▸ Aim of the task: Repeat, word for word, all the data that follows, and exclude the pictures.

▸ Data excerpt:
______________________________

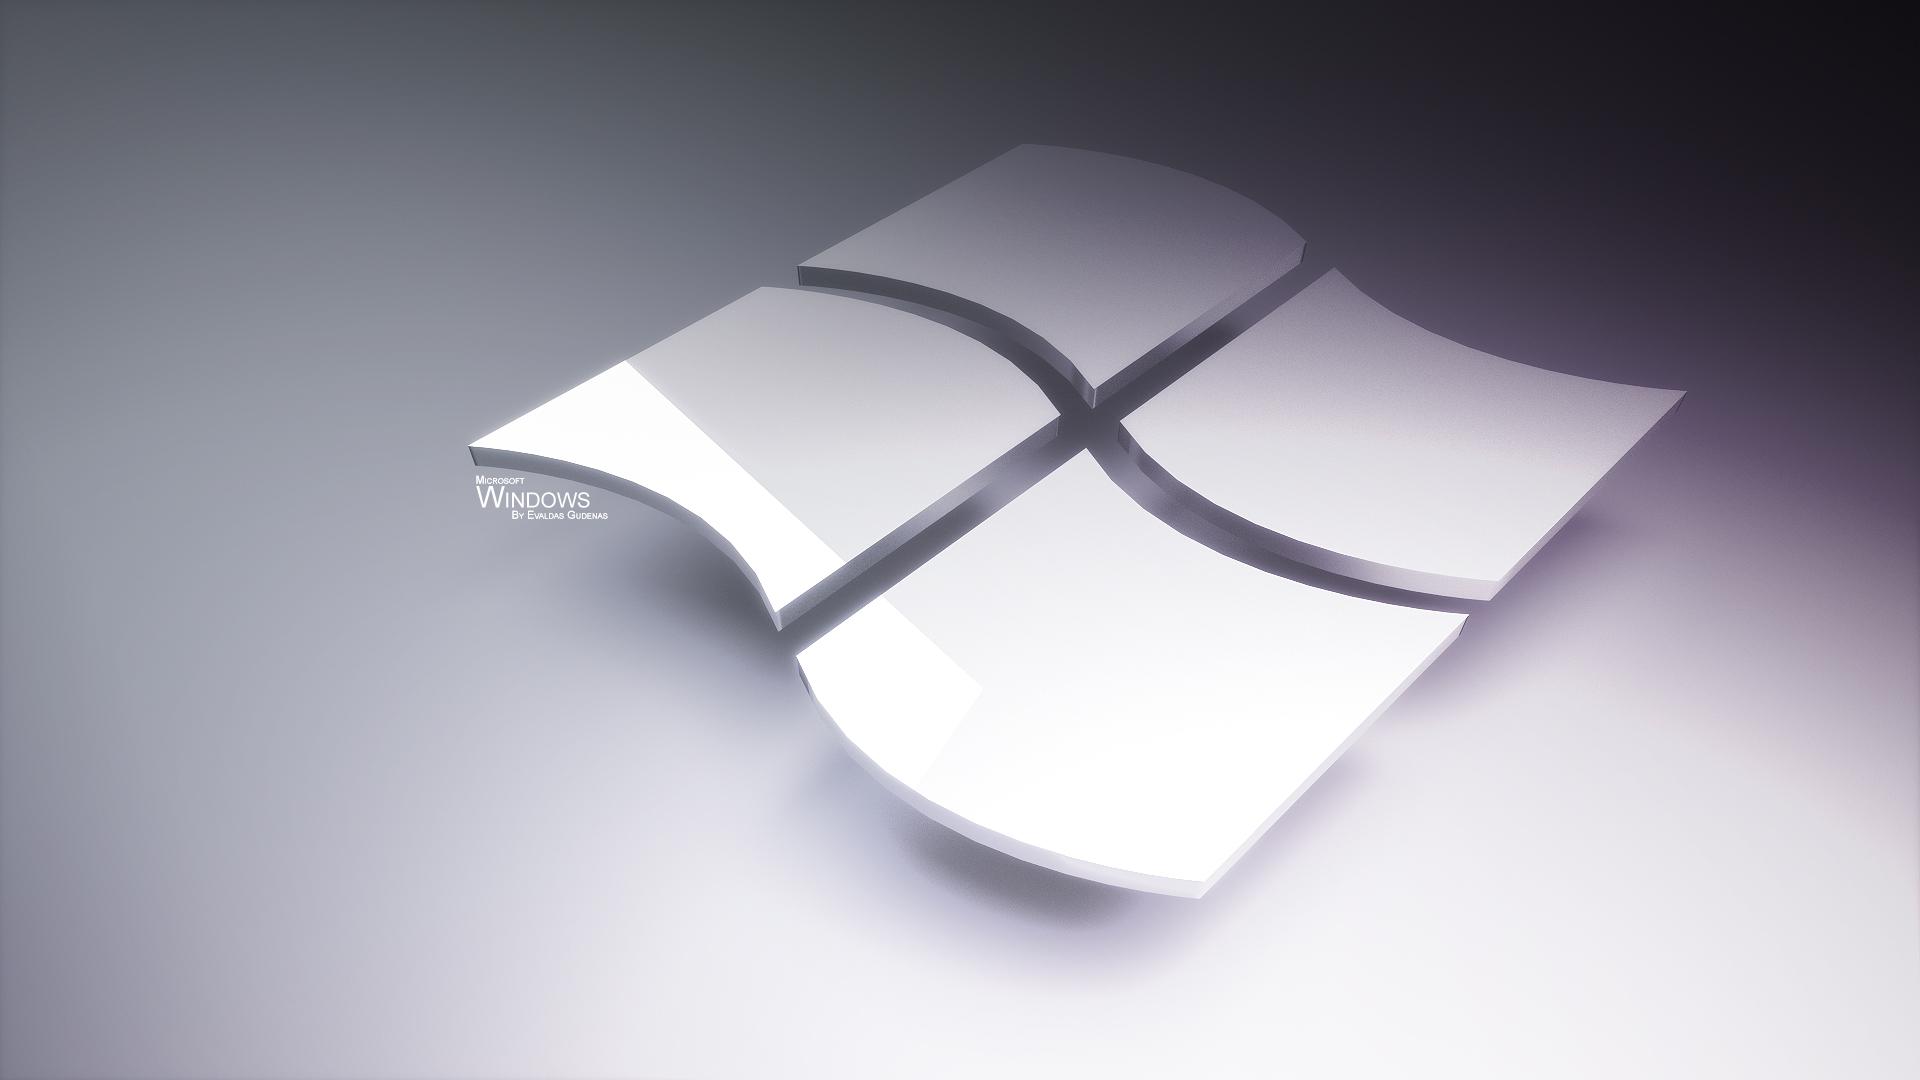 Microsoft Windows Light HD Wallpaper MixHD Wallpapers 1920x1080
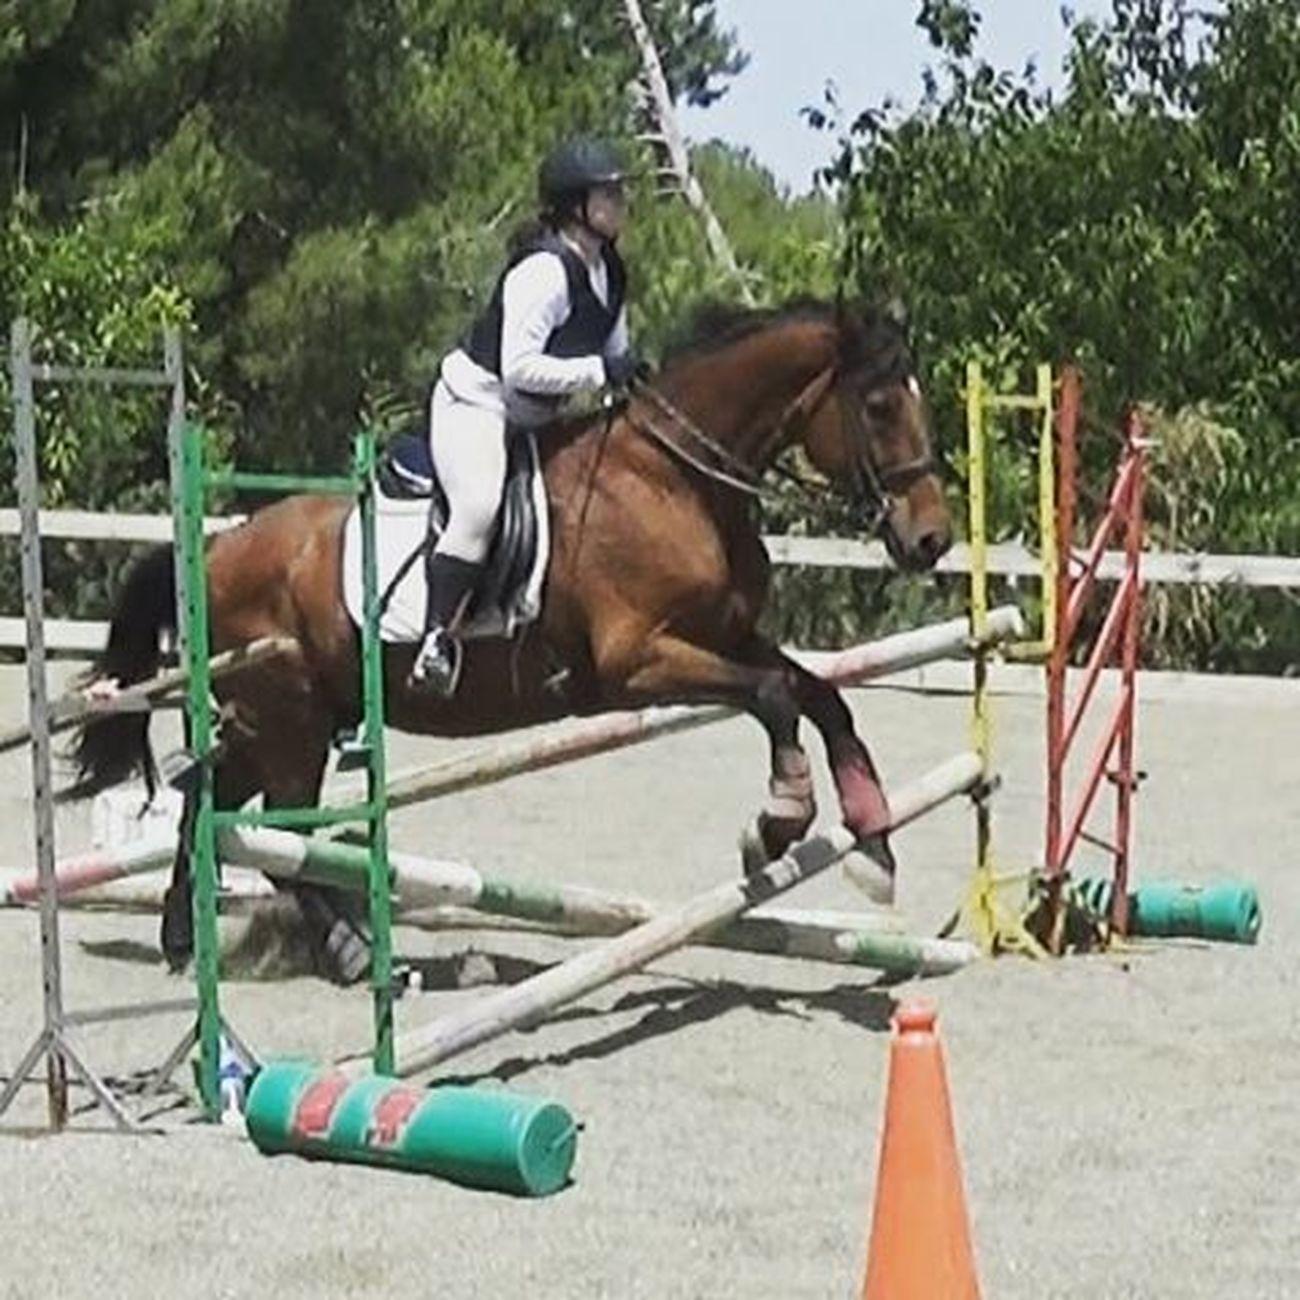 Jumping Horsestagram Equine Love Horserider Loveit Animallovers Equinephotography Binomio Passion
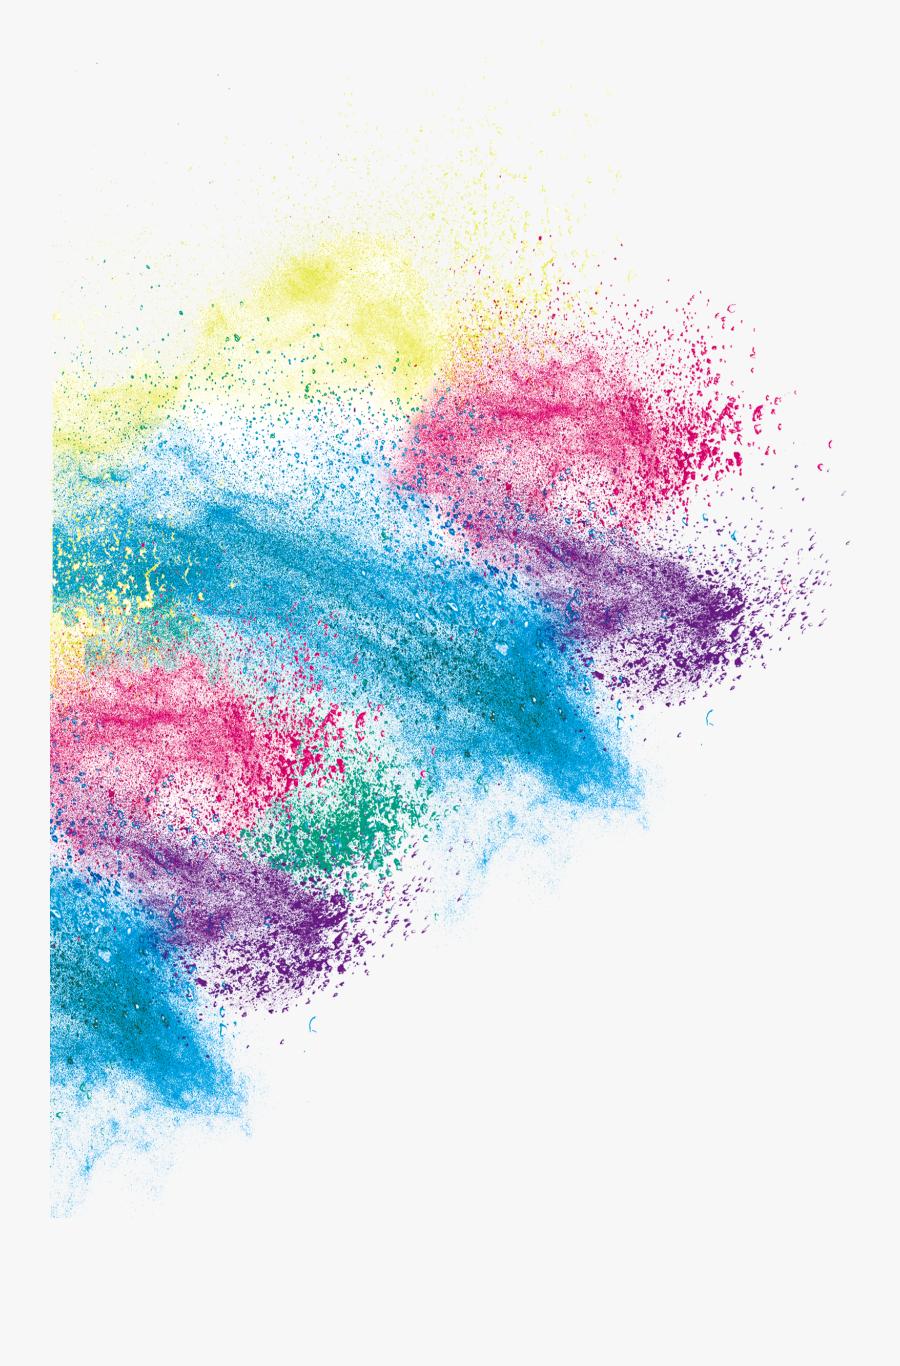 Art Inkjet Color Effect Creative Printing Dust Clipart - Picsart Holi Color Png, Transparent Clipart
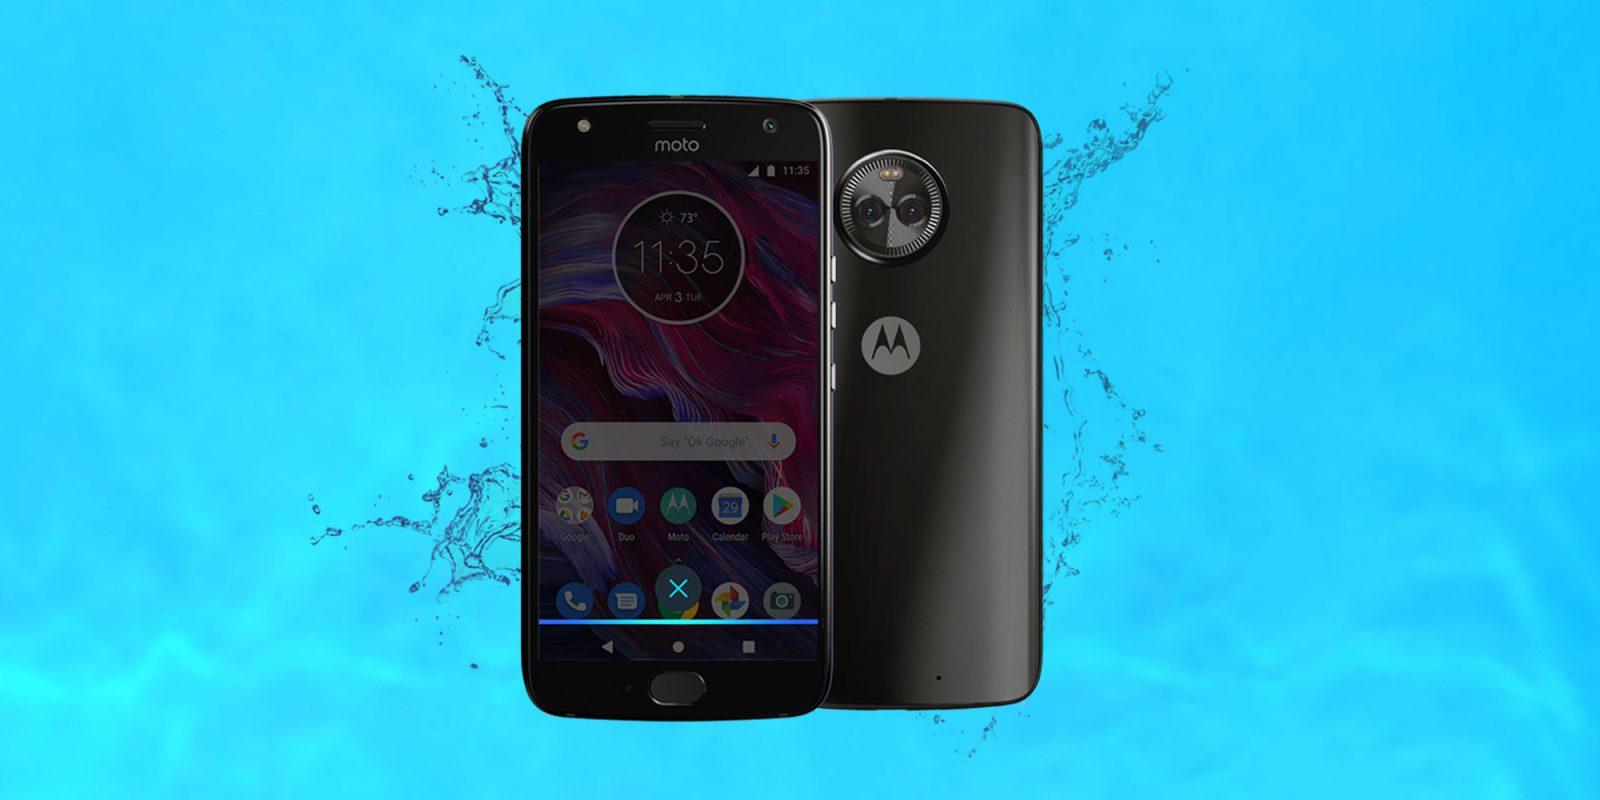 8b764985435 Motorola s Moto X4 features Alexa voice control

______________________________

▸ Task output:
 Microsoft Windows Light HD Wallpaper MixHD Wallpapers 1920x1080
 Jumping Horsestagram Equine Love Horserider Loveit Animallovers Equinephotography Binomio Passion
 Art Inkjet Color Effect Creative Printing Dust Clipart - Picsart Holi Color Png, Transparent Clipart
 8b764985435 Motorola s Moto X4 features Alexa voice control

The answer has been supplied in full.